Tuesday, November 18, 2025

Investors insist that EU methane regulations be upheld despite US pressure

October 1, 2025

A letter obtained by the.

Money managers such as Ninety One Group, Pictet Group Railpen, and Royal London Asset Management have urged the EU not to change its rules that require importers of oil to monitor the methane emission of their suppliers and to report it.

Scientists say that methane, one of the strongest greenhouse gases, is responsible for one-third the global warming since the beginning of industrialization.

Investors are worried that the European Union will include its methane regulations in the simplification agenda of the bloc after U.S. Energy Secretary Chris Wright stated recently that the current legislation would prohibit the United States to export liquefied gas to Europe.

"The goals are commendable and we all want methane to be reduced. We will reduce methane emission. It would be counterproductive to have laws that prevent American gas from coming here, both in terms of social costs and environmental concerns. Wright stated in September that "these laws must be changed".

First phase of EU methane laws is now in effect and appears not to have affected U.S. exports of gas to Europe. Importers of gas to Europe will be required to report their suppliers' efforts to lower methane emissions starting May 2025.

The European Commission's spokesperson expressed confidence that the EU regulation of methane would not create any trade barriers.

As part of the trade agreement struck earlier this summer, the EU has committed to increase its purchases of U.S. Energy - including LNG as well as oil, nuclear fuel and other fuels - by $250 billion annually.

Investor group warns that reopening regulation will introduce unpredictable outcomes, undermine investors and companies working to comply with rules and slow down efforts towards reducing the amount of harmful methane released into the air.

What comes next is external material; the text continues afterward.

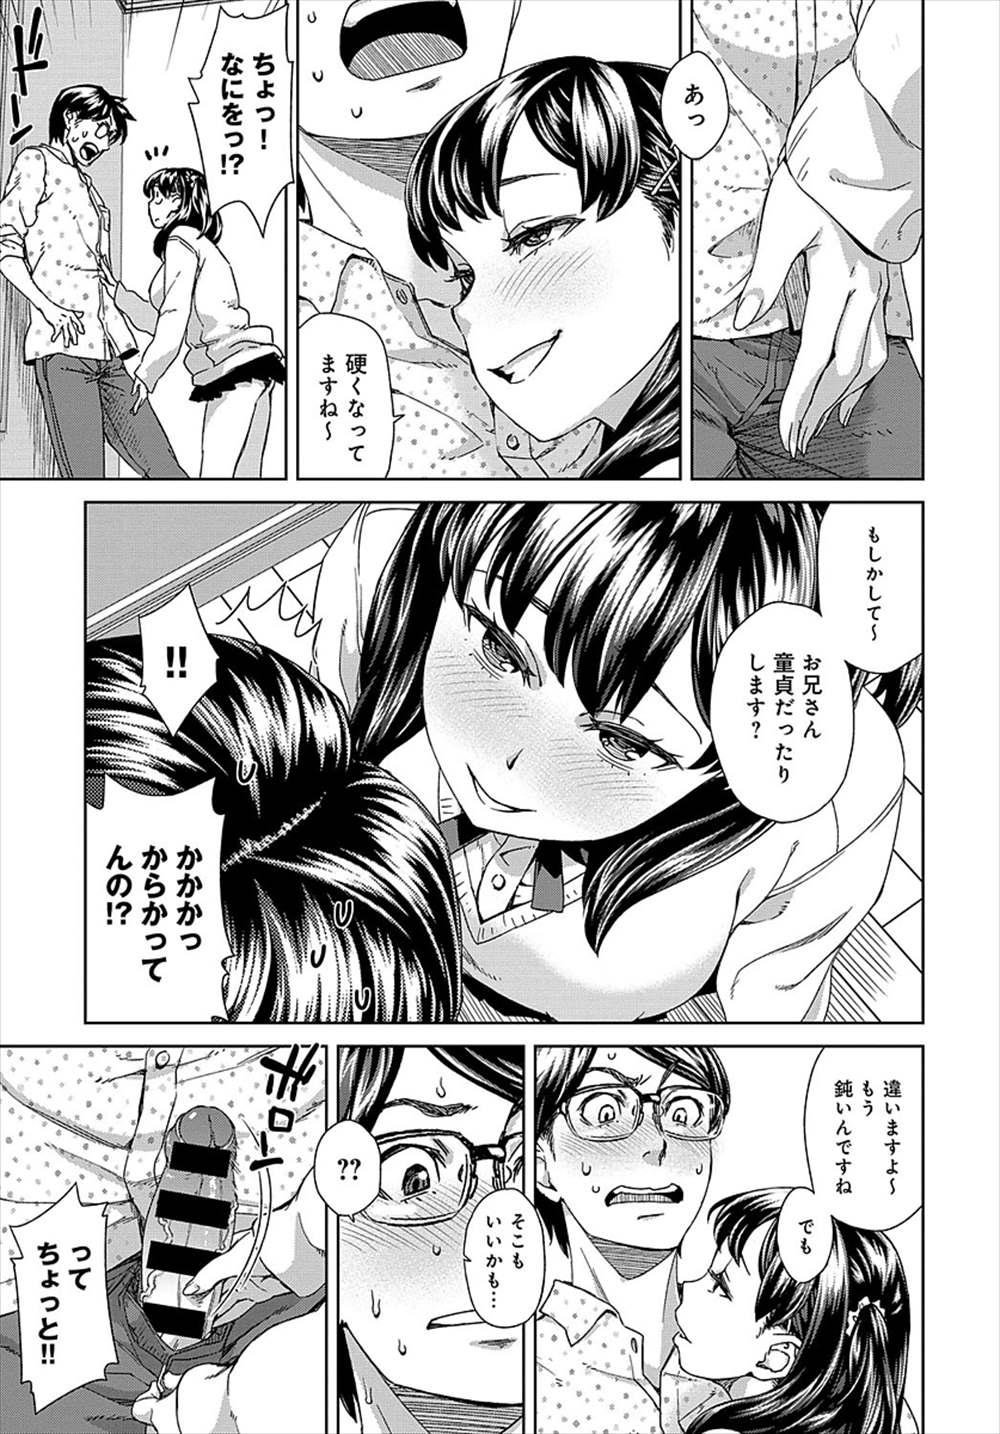 【エロ漫画】妹の友達JKに誘惑される兄…フェラチオされて生挿入中出しした結果www【小春七草:遊びじゃないッ】
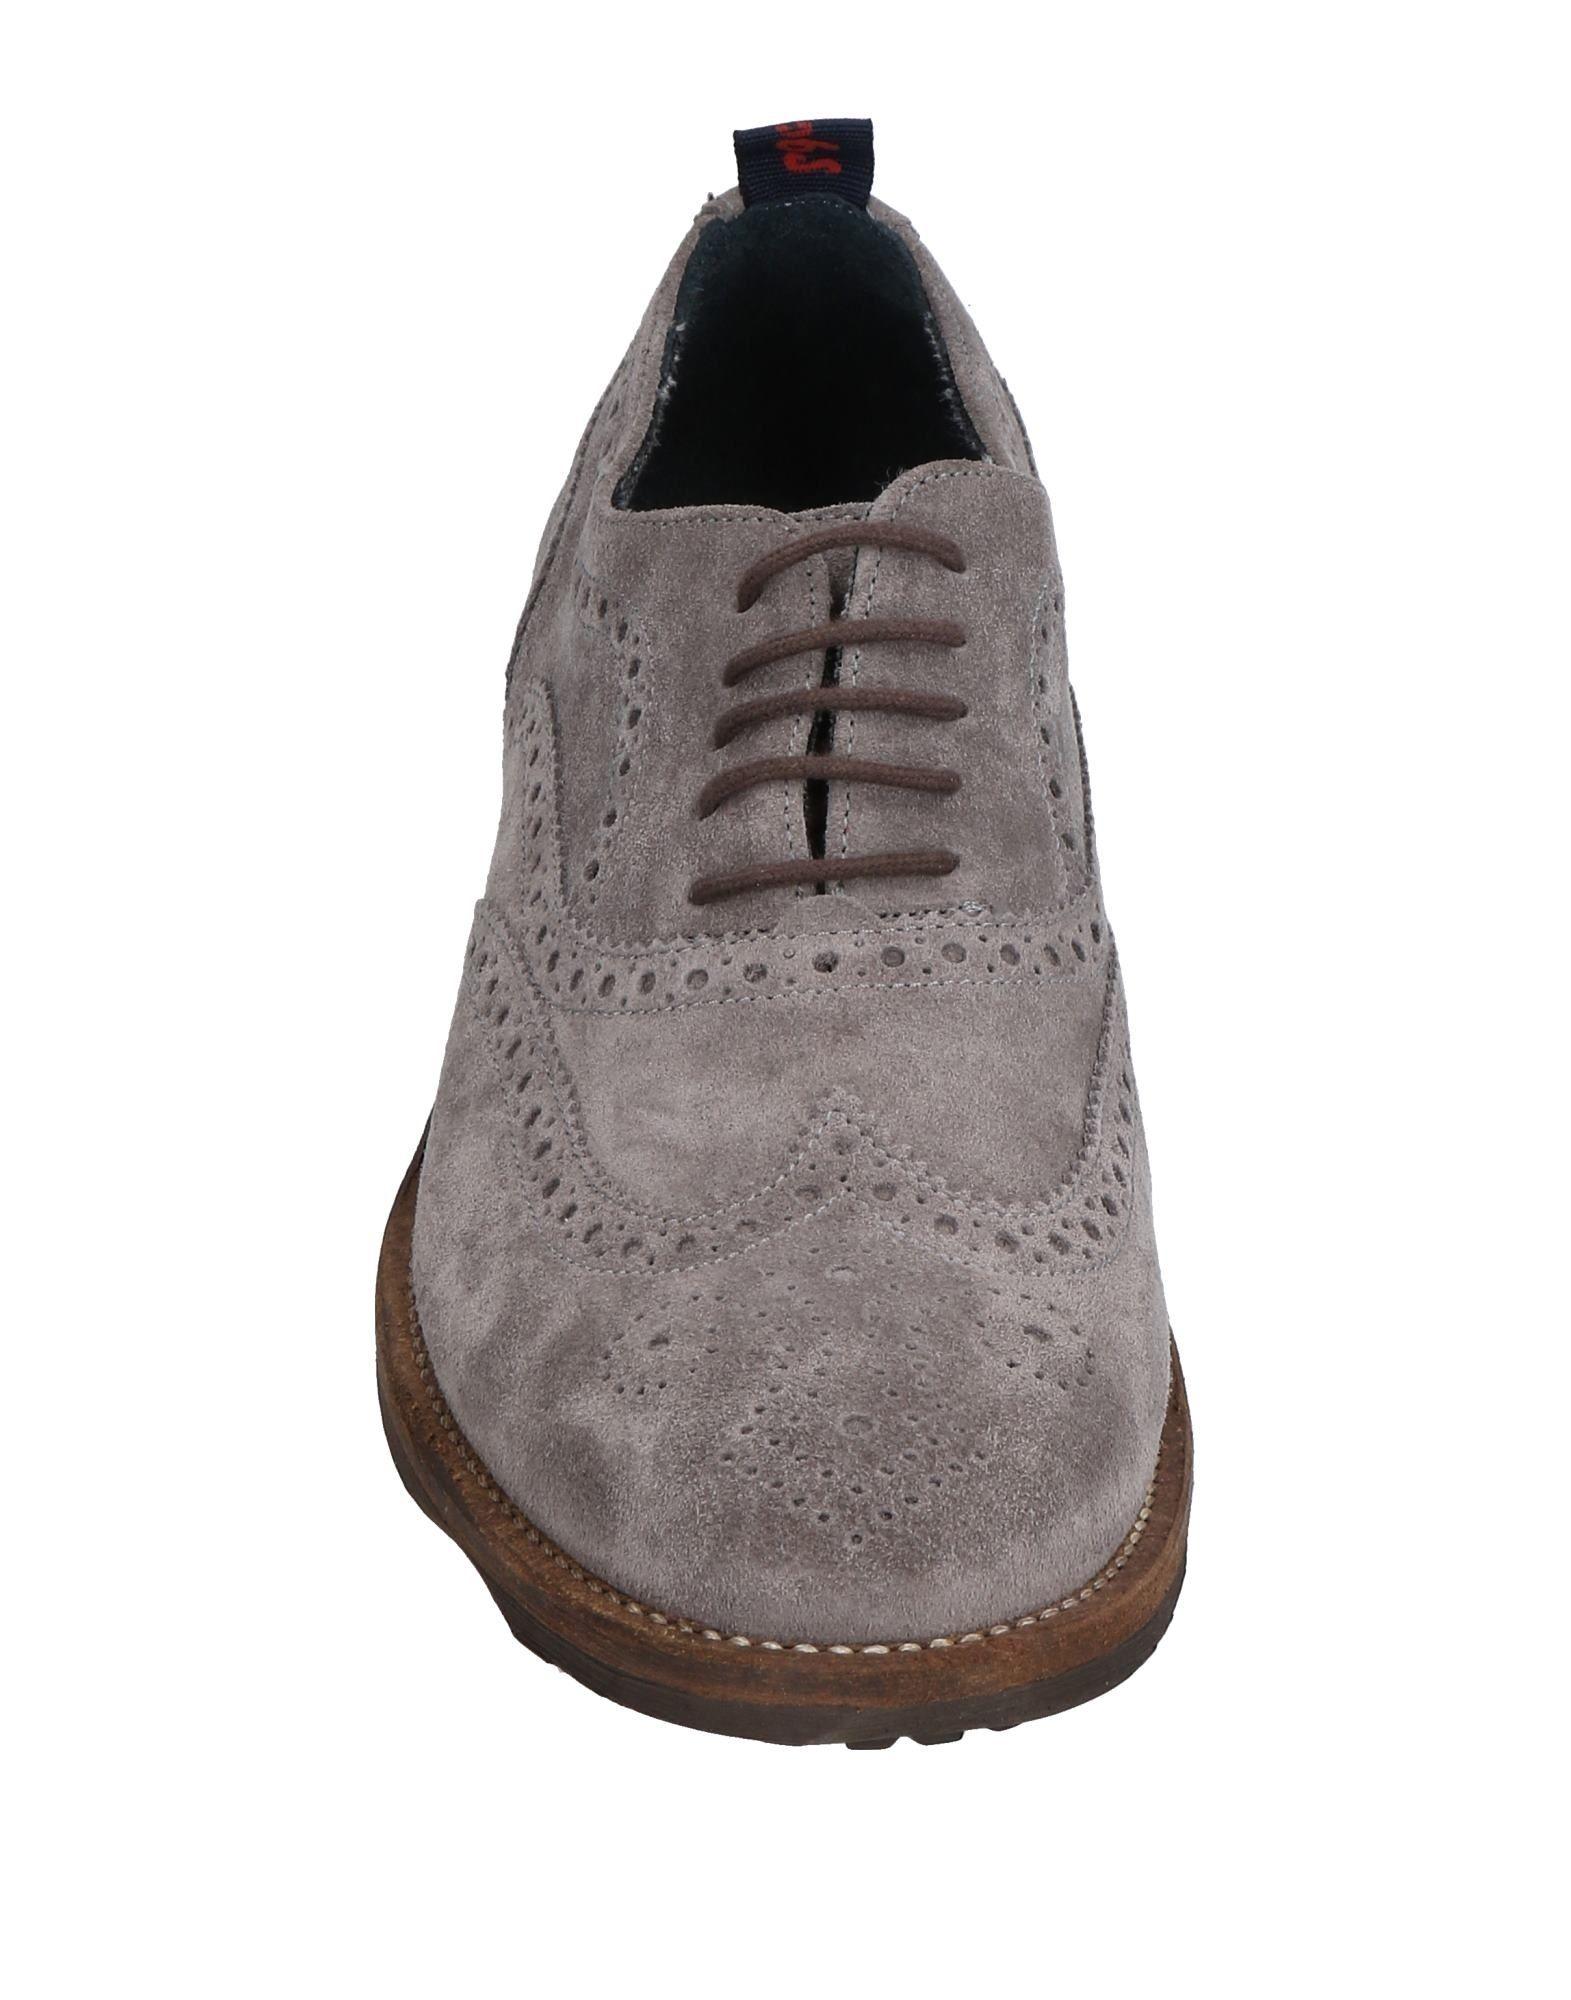 Snobs® Heiße Schnürschuhe Herren  11509815HB Heiße Snobs® Schuhe c5d1be

"Weakening regulations on which companies already base their investment decisions is counterproductive, and could undermine global methane reduction initiatives," said Eric Pederson. He is the head of responsible investments for Nordea Asset Management.

Europe has increased its imports massively of U.S. Liquefied Natural Gas (LNG) as it seeks replacement Russian energy after Moscow’s full-scale invasion in Ukraine 2022.

Data from the Commission shows that between January and August of this year, the U.S. provided 57% of EU LNG or 49.2 bcm. In 2021, before Russia's war on Ukraine, the U.S. provided 28% of EU LNG or 18.9 billion cubic metres.

The EU's tougher methane legislation, which is set to take effect in 2027, has sparked more concern among the industries.